Conventional wisdom in the CPG industry holds that out-of-stock situations typically run between three and five percent of total customer requests for products. When P&G recently tested this convention with its own research, it was disheartened to discover the reality was three times higher.

"We failed the customer at the first moment of truth more than we thought," says Kellam. Despite years of supply chain effort, "that's a very unsatisfactory outcome."

Efforts were too focused, Kellam asserts, on reducing costs and "not on servicing the customer." This realization prompted reordering of the supply chain to be adaptive to demand variability. "When you're talking about a $43-billion company, capturing even three or four percent of that missed opportunity results in a huge ROI," he says.

The company wants to be able to produce every one of its 37,000 SKUs daily. "Not necessarily that we would, but that we could," Kellam says. Over the last 18 months, the company says it has reduced cycle time from 30 days to seven.

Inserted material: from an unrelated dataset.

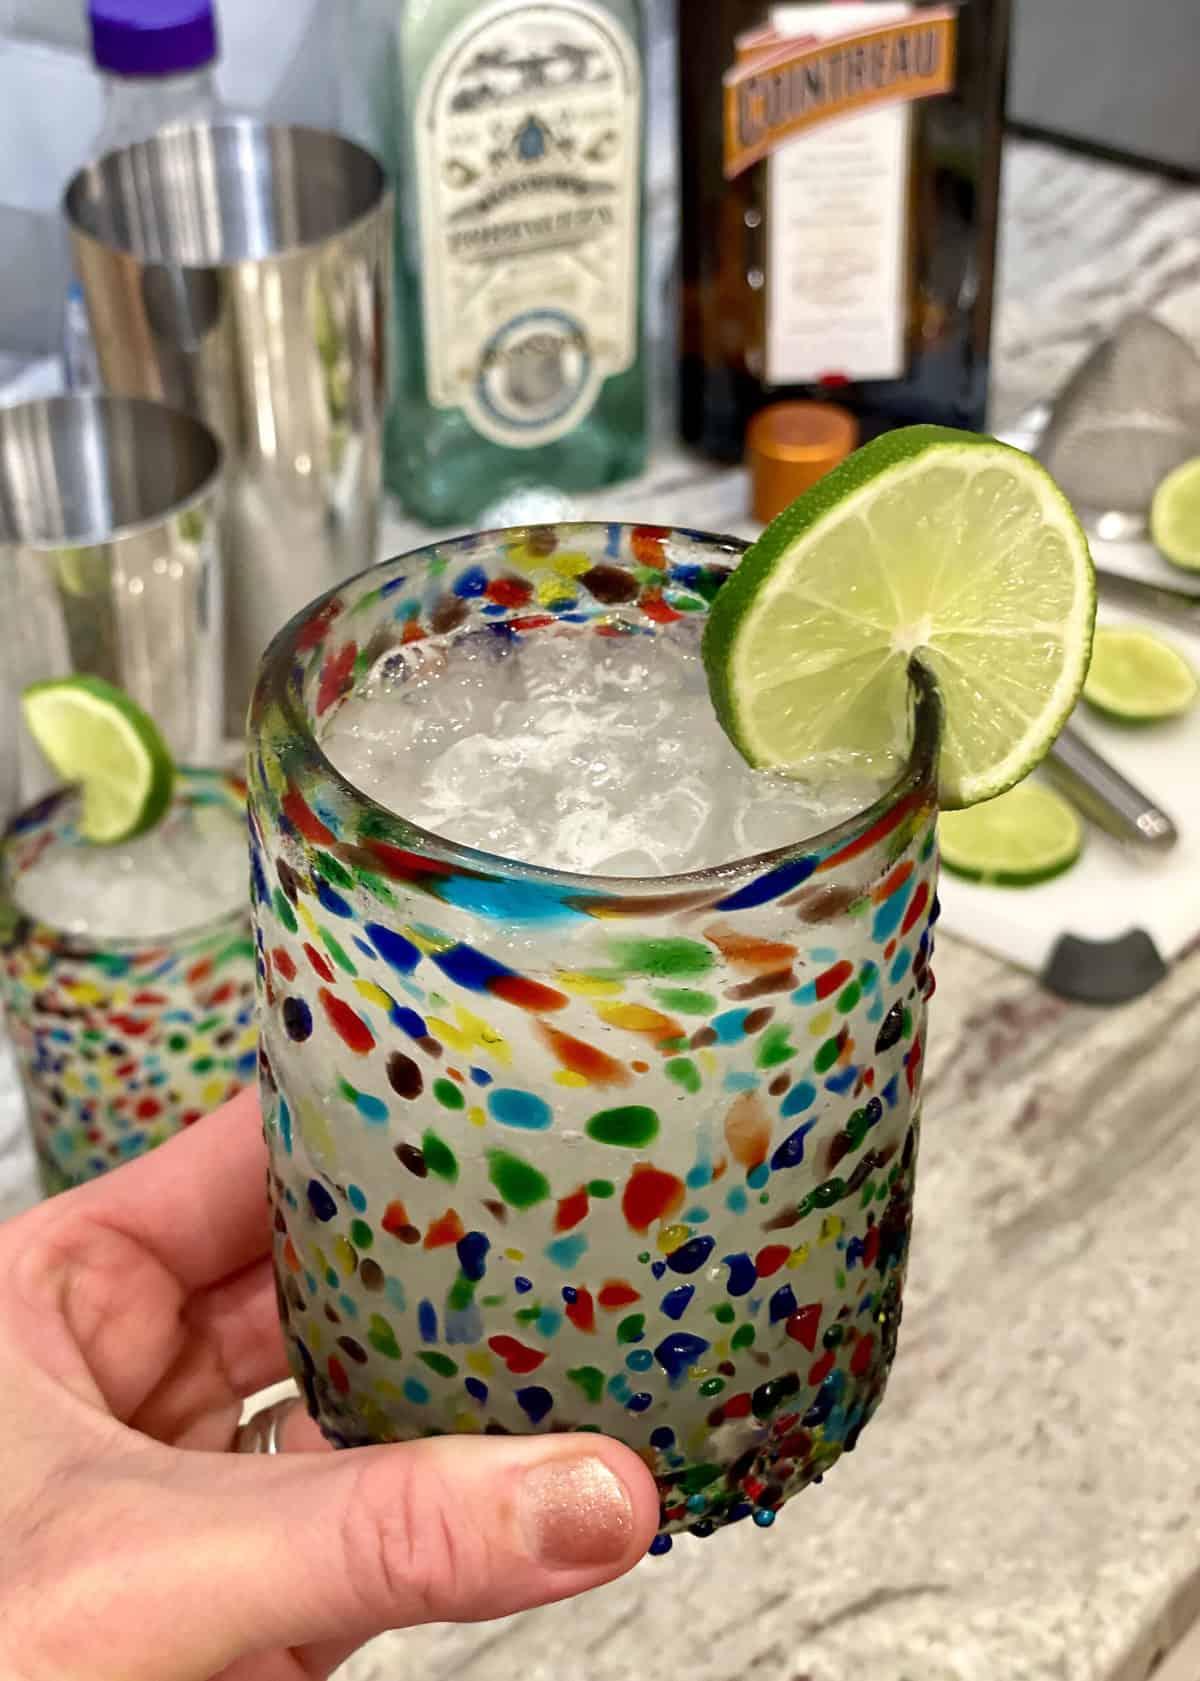 Brandon's Best Margarita by The BakerMama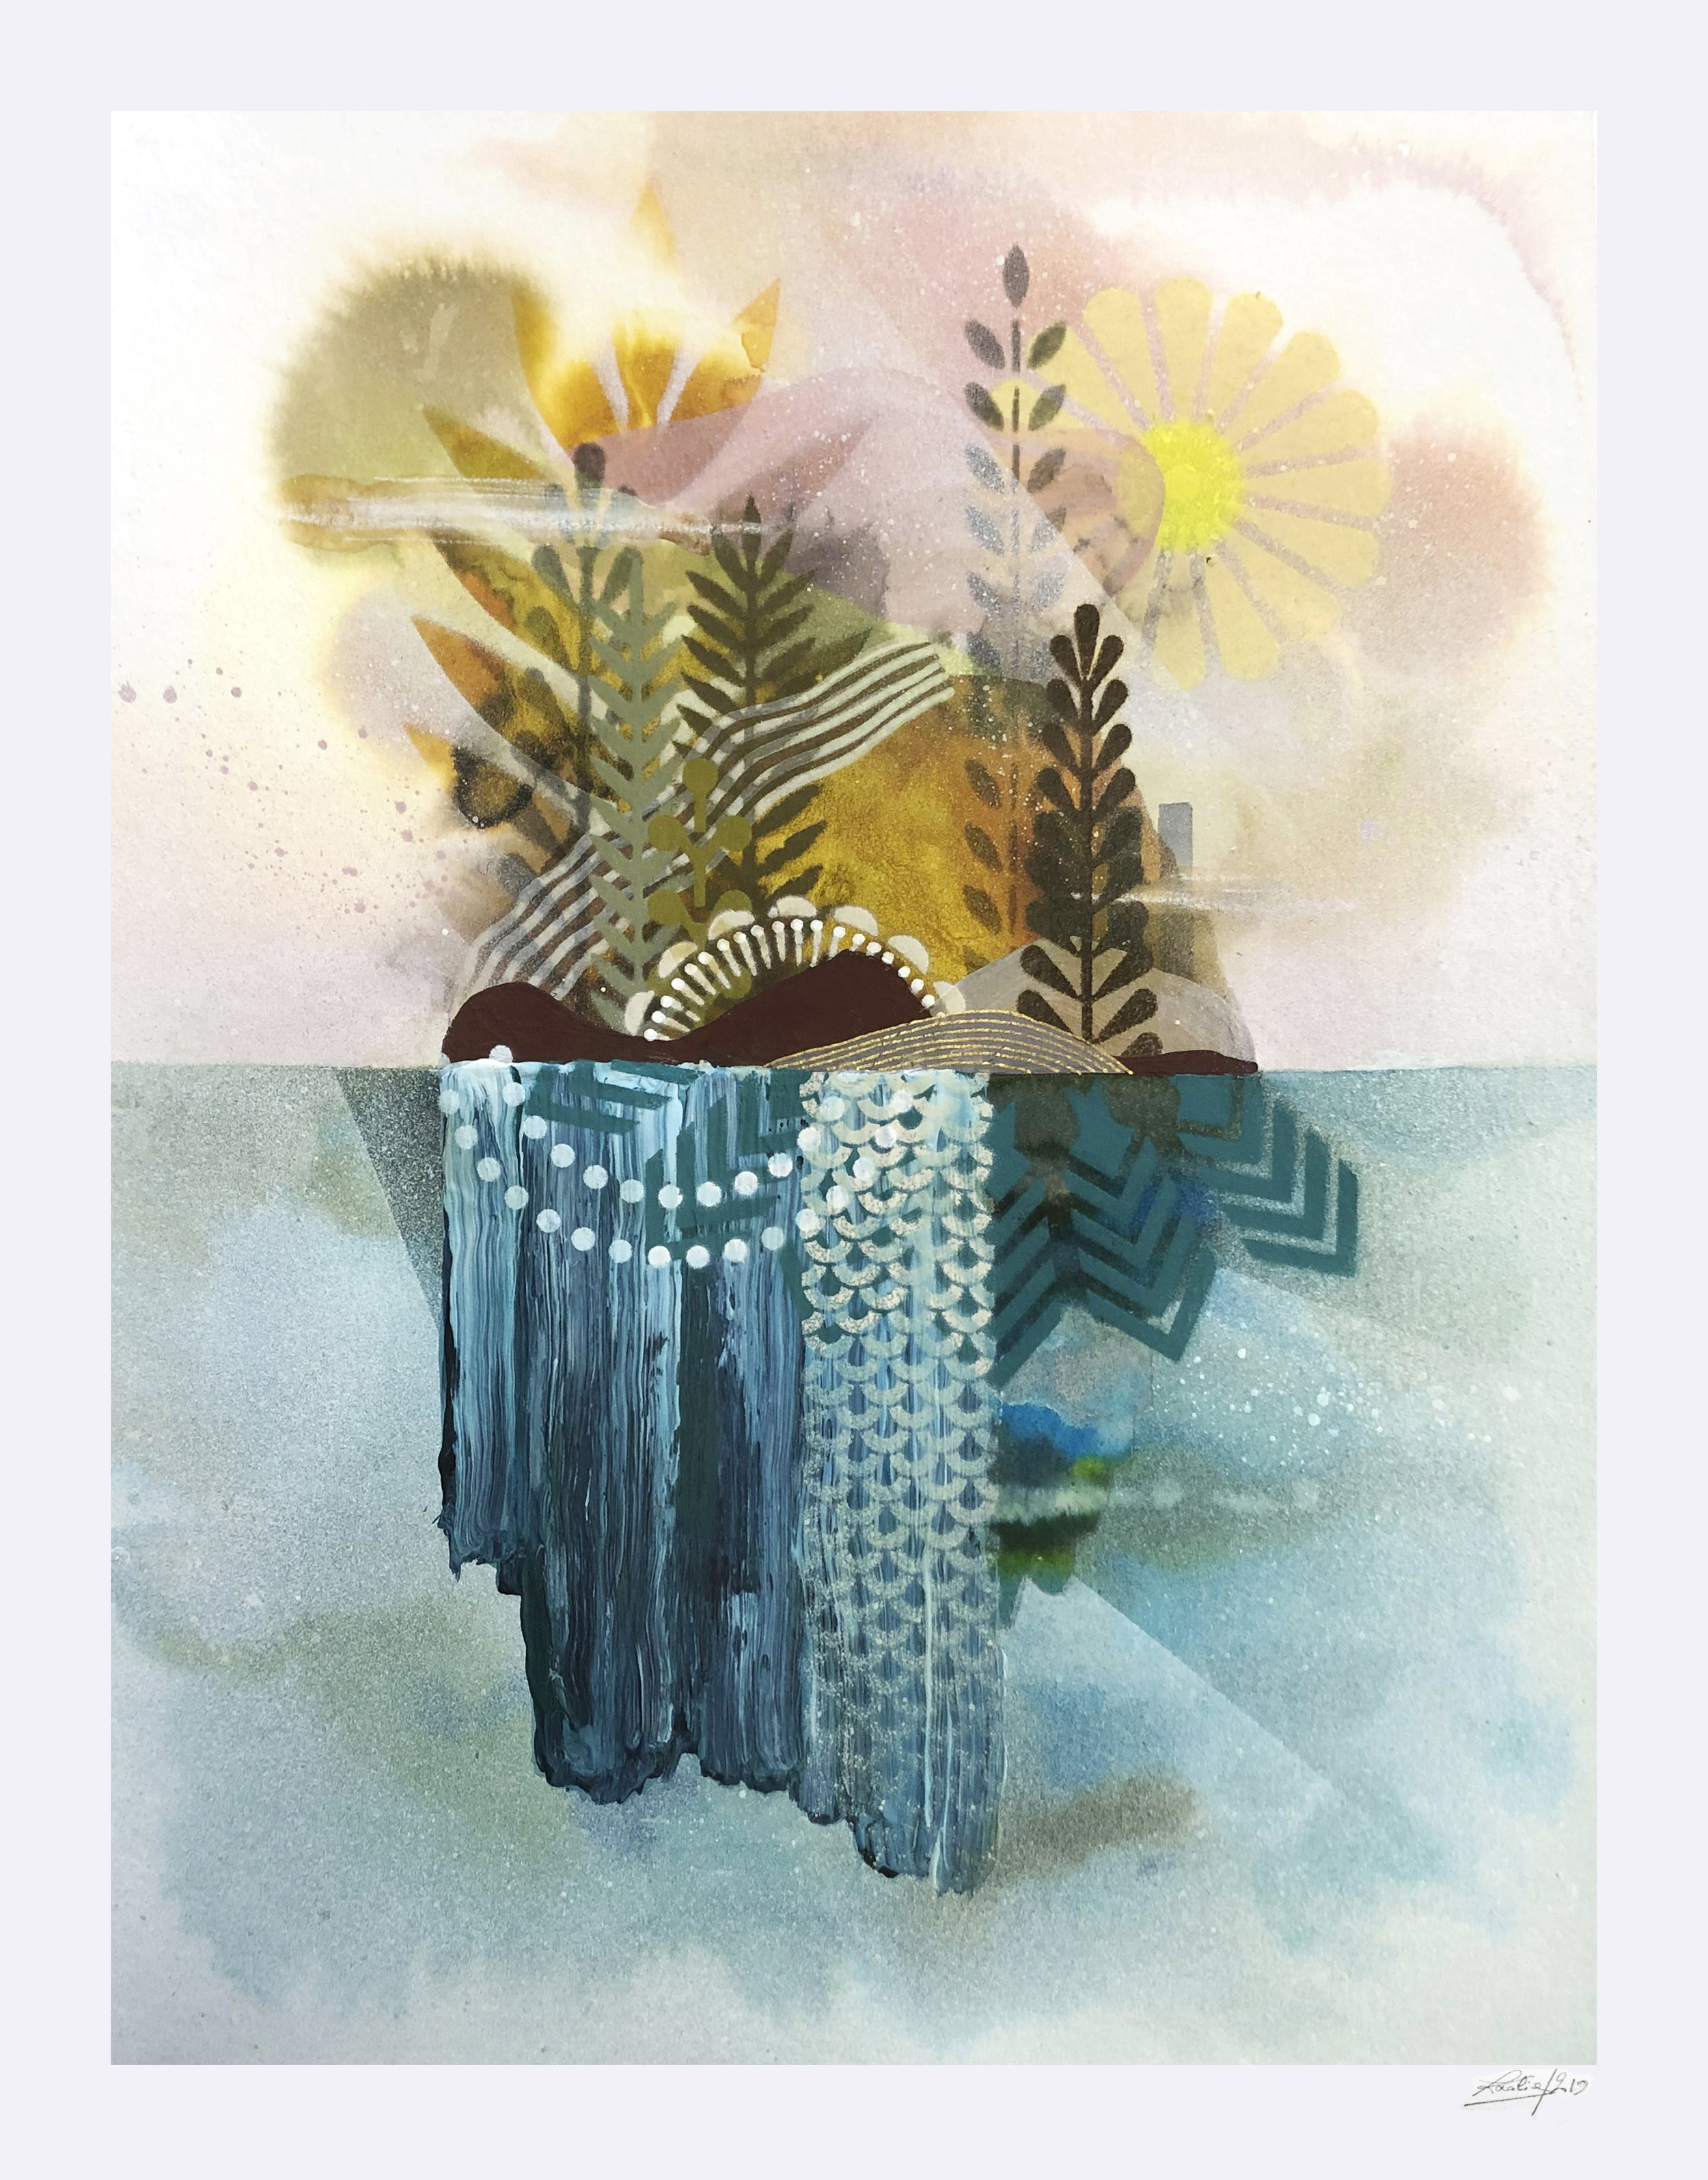 Jardin Flottant #2  - Mix media on paper - 36 x46 cm | 2019

Kellam speaks of a supply network of interdependent nodes of activity. Each node is a "decision sphere" with authority to take adaptive action to ensure product availability. For example, past policy mandated trucks be shipped full, often resulting in delays. Managers now act autonomously to meet delivery dates.

The company intends to put RFID tags on every pallet and case by 2004. (Wal-Mart, a big P&G customer, will require its top 100 suppliers to do so by 2005.) This will improve real-time visibility of product status across the network.

P&G works closely with the Auto-ID Center at MIT. In fact, the center director is a P&G employee on loan. SAP, P&G's worldwide ERP vendor, is a center member, and is working with P&G to develop agent technology tied to RFID tags for real-time alerting. P&G's goal is to have a sizeable percentage of goods-in-transit uncommitted, with point-of-sale information transmitted electronically to "rolling warehouses" for delivery-point determination.

As can be seen, P&G applies the principles of adaptive systems, leveraging awareness of best management principles with forward-looking use of technology. Its initiative, and others, contribute to the continuing evolution of supply chains. The goal is supplying the world's peoples with both basic goods and sophisticated consumer products, a worthy activity.